The Reading Patterns Buttons

The purpose of the next three buttons are:

Read Training Set Patterns        rt filename  * rt for read training
Read More Training Set Patterns   rx filename  * rx for read extra
Read Test Set Patterns            tf filename  * tf for test file

The Printing Buttons

One row of buttons prints out training set pattern material, either a summary of the training status, the whole list of output values for the patterns, one pattern value, one target value or the confusion matrix for a classification problem. A second row of buttons does the same for test set patterns. The thrid set applies to the recurrent classification training set. The fourth set applies to the recurrent classification test set. The typed commands look like:

p0     * prints a summary of training set status
p      * evaluates and prints the training set patterns
p 5    * prints the network output for training pattern 5
pt 5   * prints the target values for training pattern 5
pm     * confusion matrix for a classification problem

t0     * prints a summary of test set status
t      * evaluates and prints the test set patterns
t 5    * prints the network output for test pattern 5
tt 5   * prints the target values for test pattern 5
tm     * confusion matrix for a classification problem

u0     * prints a summary of training set status
u      * evaluates and prints the training set patterns
u 5    * prints the network output for training pattern 5
ut 5   * prints the target values for training pattern 5
um     * confusion matrix for a classification problem

v0     * prints a summary of test set status
v      * evaluates and prints the test set patterns
v 5    * prints the network output for test pattern 5
vt 5   * prints the target values for test pattern 5
vm     * confusion matrix for a classification problem

The Odd Recurrent Network Tests

Once upon a time I was wondering what would happen if the poetry network learned its verses and then the program was given several words in the middle of the verses. Would it pick up the sequence and be able to complete it given 1 or 2 or 3 or n words?

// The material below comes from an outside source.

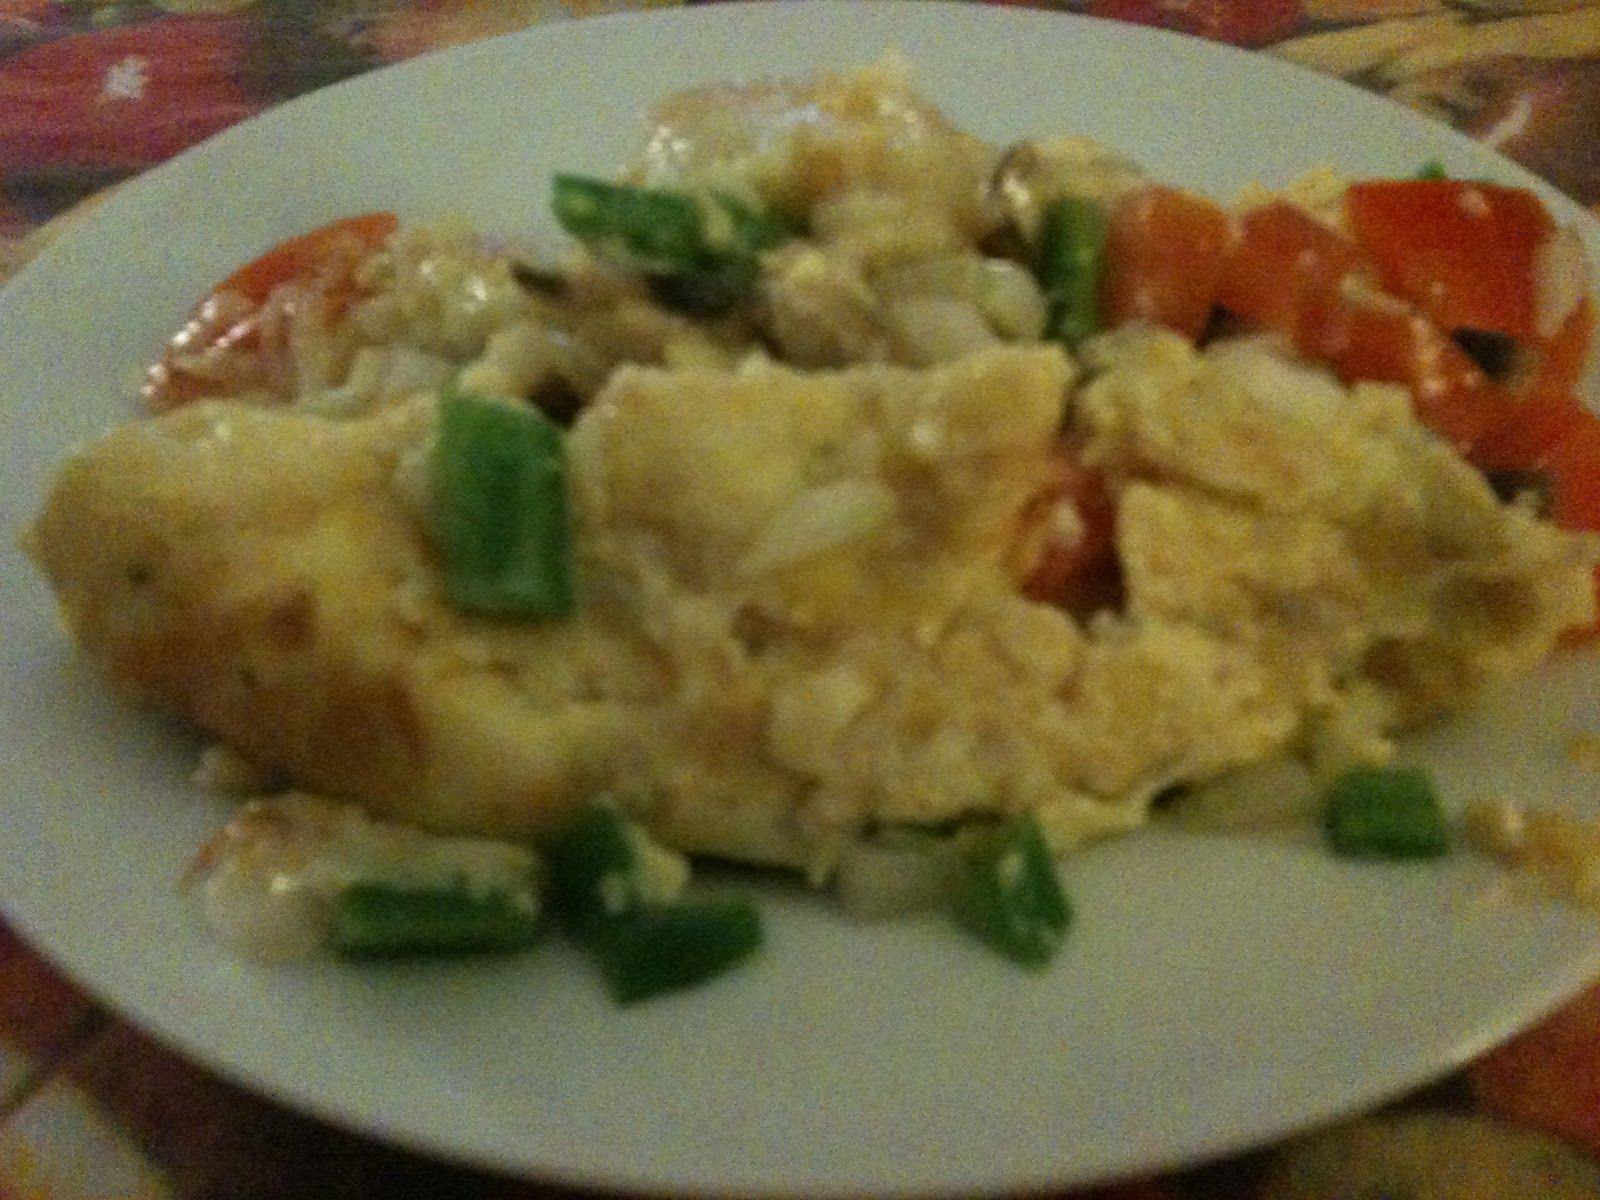 Tortilla de verduritas y queso fundido http://www.fogonesfacilones.com/2012/07/tortilla-de-verduritas-y-queso-fundido.html

So given for example, the short sequence "for i doubt" will it be able to "get on track" and finish the verse? To test for this there are an extra pair of commands, tr and trp. Given a test set (which should be the training set) they start at every possible place in the test set, input n words and then check to see if the net produces the right answer. For this example I tried n = 3, 4, 5, 6 and 7 with the following results:

[ACDFGMNPQTW?!acdefhlmopqrstw]? tr 3
 TOL:  81.82 %  ERROR: 0.022967
[ACDFGMNPQTW?!acdefhlmopqrstw]? tr 4
 TOL:  90.48 %  ERROR: 0.005672
[ACDFGMNPQTW?!acdefhlmopqrstw]? tr 5
 TOL:  90.00 %  ERROR: 0.005974
[ACDFGMNPQTW?!acdefhlmopqrstw]? tr 6
 TOL: 100.00 %  ERROR: 0.004256
[ACDFGMNPQTW?!acdefhlmopqrstw]? tr 7
 TOL: 100.00 %  ERROR: 0.004513
So after getting just 3 words the program was 81.82% right in predicting the next word to within the desired tolerance. Given 6 or 7 words it was getting them all right. The trp command does the same thing except it also prints the final output value for each of the tests made.